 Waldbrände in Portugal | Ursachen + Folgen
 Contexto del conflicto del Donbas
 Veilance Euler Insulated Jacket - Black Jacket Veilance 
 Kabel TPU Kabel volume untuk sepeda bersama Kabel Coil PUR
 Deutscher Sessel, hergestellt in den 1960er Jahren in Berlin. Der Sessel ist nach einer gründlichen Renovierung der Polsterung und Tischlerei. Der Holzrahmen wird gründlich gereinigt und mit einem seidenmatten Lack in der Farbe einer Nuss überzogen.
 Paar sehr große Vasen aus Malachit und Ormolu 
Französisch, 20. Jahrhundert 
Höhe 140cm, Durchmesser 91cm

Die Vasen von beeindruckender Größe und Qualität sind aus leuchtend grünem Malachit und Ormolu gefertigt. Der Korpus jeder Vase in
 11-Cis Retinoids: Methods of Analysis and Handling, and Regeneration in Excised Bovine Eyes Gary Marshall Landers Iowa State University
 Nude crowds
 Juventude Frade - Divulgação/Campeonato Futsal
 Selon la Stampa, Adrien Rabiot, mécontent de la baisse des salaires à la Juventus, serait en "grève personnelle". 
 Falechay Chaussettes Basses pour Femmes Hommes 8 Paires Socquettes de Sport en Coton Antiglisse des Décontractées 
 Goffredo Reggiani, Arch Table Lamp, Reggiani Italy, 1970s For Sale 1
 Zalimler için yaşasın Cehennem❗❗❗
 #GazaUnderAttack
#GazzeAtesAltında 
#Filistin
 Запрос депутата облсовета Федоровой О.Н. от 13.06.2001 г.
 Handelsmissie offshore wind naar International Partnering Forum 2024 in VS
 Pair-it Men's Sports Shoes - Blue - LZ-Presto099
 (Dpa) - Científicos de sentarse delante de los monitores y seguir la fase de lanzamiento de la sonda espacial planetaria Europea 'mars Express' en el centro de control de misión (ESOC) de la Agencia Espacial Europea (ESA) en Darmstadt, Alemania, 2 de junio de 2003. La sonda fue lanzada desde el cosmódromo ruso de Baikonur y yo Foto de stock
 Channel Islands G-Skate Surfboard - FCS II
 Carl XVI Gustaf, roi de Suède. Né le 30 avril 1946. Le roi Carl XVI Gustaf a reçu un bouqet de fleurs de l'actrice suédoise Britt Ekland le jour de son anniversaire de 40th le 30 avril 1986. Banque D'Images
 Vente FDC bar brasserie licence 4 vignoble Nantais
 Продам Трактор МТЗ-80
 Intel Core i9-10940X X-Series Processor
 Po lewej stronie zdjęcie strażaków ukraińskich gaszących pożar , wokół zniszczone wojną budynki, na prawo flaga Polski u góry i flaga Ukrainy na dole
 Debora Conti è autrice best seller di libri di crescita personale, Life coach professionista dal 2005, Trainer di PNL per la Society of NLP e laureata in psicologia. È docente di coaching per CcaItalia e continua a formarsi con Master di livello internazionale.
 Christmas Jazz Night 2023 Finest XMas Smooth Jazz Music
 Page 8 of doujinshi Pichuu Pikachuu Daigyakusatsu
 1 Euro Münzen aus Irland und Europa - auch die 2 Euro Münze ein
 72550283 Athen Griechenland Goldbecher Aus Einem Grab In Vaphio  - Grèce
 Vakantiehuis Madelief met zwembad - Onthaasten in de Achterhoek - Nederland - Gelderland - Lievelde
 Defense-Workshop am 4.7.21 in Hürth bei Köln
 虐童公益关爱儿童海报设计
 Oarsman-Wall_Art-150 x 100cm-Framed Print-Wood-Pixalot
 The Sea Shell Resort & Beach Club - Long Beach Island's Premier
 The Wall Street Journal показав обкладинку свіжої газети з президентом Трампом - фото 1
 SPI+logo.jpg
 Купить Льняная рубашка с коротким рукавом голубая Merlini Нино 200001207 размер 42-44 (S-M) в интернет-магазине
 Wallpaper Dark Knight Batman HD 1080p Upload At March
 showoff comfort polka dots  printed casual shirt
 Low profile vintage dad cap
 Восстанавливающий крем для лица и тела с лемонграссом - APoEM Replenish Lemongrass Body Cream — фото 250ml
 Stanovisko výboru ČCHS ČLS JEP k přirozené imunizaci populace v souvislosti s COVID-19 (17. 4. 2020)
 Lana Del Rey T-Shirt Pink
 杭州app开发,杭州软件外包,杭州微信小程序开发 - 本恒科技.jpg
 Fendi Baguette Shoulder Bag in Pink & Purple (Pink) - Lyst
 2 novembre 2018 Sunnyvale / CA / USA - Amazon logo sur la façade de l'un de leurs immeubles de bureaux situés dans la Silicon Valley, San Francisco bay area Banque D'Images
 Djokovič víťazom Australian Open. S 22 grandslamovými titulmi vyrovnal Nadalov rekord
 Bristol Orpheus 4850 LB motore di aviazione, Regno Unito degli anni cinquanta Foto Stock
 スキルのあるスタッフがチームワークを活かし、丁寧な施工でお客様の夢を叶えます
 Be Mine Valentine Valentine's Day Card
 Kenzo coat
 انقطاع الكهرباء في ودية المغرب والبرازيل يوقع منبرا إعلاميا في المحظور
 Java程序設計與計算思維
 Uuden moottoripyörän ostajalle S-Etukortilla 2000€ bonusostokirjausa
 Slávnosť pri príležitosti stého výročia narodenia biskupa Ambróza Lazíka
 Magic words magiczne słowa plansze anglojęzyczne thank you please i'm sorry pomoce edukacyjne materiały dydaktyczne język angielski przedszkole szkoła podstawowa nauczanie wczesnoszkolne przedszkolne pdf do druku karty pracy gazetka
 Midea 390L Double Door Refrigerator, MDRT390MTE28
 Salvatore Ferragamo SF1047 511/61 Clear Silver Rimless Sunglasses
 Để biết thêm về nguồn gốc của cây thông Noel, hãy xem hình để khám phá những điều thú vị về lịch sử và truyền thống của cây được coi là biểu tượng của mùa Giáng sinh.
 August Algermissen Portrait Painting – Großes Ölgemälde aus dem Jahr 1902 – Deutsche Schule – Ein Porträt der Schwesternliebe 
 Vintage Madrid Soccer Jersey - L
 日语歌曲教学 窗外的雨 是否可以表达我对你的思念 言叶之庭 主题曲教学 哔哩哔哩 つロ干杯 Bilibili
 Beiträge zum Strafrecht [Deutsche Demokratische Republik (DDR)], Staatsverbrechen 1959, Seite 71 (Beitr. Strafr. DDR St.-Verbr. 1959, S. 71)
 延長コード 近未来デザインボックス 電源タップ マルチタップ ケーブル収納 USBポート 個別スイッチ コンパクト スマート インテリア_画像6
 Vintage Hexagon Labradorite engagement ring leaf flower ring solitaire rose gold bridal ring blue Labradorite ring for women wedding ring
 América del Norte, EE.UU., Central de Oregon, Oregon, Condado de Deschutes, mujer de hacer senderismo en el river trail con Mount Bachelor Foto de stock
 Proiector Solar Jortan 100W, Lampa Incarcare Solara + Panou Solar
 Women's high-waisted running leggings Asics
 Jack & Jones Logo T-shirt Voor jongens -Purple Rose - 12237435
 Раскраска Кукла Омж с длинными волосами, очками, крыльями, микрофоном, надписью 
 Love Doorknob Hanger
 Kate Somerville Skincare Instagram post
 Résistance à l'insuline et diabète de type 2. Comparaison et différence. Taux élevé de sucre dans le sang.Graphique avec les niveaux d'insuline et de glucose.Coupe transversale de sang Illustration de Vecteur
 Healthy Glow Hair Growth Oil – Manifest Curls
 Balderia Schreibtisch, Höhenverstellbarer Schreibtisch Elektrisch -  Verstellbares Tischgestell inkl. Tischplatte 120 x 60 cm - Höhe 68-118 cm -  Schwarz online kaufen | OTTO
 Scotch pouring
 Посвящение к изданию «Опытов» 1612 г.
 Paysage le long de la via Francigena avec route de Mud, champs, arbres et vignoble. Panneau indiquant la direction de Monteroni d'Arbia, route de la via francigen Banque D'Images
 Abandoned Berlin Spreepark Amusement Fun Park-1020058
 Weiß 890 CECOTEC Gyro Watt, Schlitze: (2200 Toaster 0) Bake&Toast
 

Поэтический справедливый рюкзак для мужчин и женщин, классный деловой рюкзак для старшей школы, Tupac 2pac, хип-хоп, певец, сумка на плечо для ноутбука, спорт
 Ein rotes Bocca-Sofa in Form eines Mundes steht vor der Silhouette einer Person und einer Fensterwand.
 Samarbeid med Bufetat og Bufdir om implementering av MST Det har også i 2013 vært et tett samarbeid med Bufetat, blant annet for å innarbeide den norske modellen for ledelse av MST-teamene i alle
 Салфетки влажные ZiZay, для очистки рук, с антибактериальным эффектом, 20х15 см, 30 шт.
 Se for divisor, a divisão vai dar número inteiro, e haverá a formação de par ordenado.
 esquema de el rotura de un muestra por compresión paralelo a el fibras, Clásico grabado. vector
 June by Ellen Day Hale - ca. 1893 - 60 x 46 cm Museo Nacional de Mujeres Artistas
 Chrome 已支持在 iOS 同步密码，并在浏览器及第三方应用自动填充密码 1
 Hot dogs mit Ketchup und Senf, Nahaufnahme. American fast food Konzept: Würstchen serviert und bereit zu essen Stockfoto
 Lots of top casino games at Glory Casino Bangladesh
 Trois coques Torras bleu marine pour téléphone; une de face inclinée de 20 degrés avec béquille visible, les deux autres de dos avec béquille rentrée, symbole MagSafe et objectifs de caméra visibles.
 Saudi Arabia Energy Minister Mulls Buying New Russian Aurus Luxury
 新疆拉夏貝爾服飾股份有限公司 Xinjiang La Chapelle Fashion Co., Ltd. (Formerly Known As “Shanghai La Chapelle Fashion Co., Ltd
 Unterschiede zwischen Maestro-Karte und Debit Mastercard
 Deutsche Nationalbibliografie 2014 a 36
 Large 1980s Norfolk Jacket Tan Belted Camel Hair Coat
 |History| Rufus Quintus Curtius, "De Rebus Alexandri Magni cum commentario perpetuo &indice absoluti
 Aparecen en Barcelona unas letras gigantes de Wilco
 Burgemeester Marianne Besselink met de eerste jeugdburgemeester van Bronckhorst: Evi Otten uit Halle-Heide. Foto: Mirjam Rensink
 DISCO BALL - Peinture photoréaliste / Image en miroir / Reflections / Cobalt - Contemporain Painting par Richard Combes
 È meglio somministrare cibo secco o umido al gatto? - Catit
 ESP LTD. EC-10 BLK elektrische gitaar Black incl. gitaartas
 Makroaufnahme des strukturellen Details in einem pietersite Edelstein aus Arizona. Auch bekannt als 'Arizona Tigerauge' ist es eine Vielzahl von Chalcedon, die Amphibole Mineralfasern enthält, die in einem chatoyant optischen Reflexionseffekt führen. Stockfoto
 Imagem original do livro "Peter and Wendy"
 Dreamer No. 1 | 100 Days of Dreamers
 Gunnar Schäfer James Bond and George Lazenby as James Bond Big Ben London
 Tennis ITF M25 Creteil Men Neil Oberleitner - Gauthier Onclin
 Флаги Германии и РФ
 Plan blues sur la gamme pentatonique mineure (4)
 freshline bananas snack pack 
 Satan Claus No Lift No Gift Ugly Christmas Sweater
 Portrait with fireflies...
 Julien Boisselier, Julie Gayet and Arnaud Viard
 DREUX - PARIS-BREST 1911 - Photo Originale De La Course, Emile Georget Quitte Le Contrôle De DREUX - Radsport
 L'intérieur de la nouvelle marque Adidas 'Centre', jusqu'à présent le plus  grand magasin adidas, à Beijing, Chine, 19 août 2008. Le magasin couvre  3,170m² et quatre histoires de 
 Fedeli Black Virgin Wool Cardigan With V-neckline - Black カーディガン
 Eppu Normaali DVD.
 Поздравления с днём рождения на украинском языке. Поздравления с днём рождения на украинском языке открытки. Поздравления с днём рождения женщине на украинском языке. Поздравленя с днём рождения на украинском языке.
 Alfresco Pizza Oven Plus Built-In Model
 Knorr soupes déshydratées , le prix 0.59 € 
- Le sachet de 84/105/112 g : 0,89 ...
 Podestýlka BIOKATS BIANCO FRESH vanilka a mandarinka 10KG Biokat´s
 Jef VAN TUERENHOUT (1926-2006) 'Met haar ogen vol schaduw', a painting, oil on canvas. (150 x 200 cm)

################

▶ Problem description
Copy the lines that hold the word "Höhe". Take them from the records above.

▶ Output of the exercise
Höhe 140cm, Durchmesser 91cm
 Balderia Schreibtisch, Höhenverstellbarer Schreibtisch Elektrisch -  Verstellbares Tischgestell inkl. Tischplatte 120 x 60 cm - Höhe 68-118 cm -  Schwarz online kaufen | OTTO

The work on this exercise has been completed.